In November 2014, the Wall Street Journal wrote an article claiming that a U.S. Marshal had been shot while dressed as a Mexican marine and taking an active role in a raid targeting the Sinaloa Cartel.

Breitbart Texas reported that the Mexican Naval Secretariat issued a statement calling out WSJ. The Navy pointed out that while U.S. agents are present in Mexico, they are not allowed to take an active role. In the case of the shot agent, the Mexican Navy said the article was partially right since “the U.S. agent had been in a training mission helping the military, but not as a participant in a drug raid when the shooting began.”

Business Insider is the same news outlet that published a story this week glorifying the lifestyle of Guzman’s sons calling them “royalty.”
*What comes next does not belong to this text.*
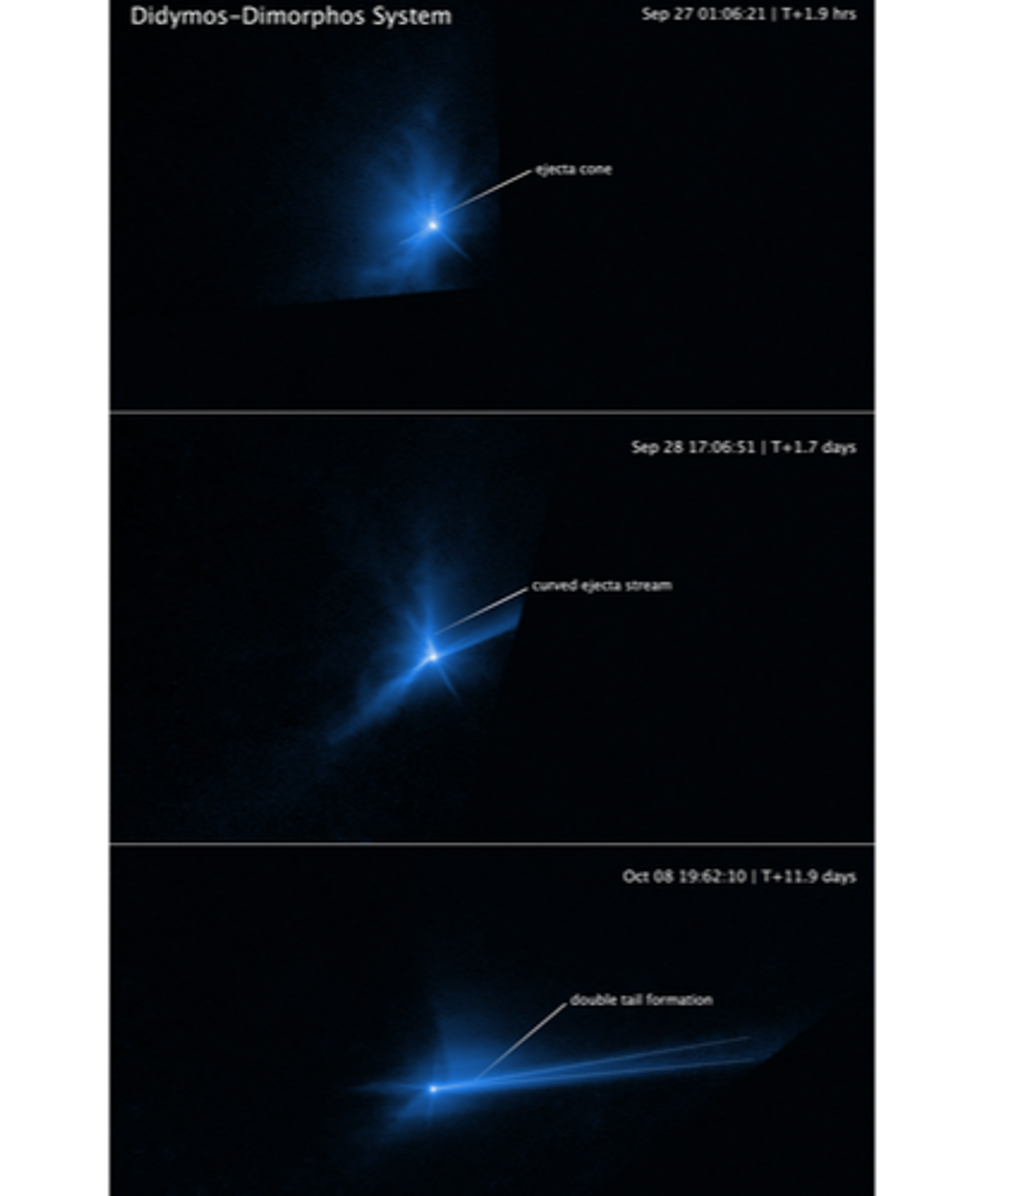 El telescopio Hubble captó el asteroide Dimorphos siendo golpeado

As Breitbart Texas pointed out, the BI click-bait article was based on some debunked social media accounts. BI themselves pointed out in their story that the validity of the accounts could not be confirmed but they went ahead and continued to glorify the narco-life by posting photos of fast cars and guns.

Breitbart Texas has repeatedly reported on how the two Twitter accounts that the online news outlet based their story on are, in fact, false. But, they have managed to dupe multiple news outlets. One of the clearest example of those two accounts duping news outlets came when they published a photo of a family in Costa Rica where they claimed that the people pictured were El Chapo and his sons. That photo has since been proven to be a fake.

Business Insider is the same outlet that, in December, published another click-bait story looking at the theory of El Chapo’s 2015 escape form a maximum security prison having been an effort by the government to have the capo help reduce violence in that country.

Breitbart Texas called out Business Insider for their story and pointed out that factual arguments presented there were in fact taken from an article written five months before by Pulitzer Prize winner Ginger Thompson. Despite being several months late, the Business Insider piece did not add any new information or facts to the theory.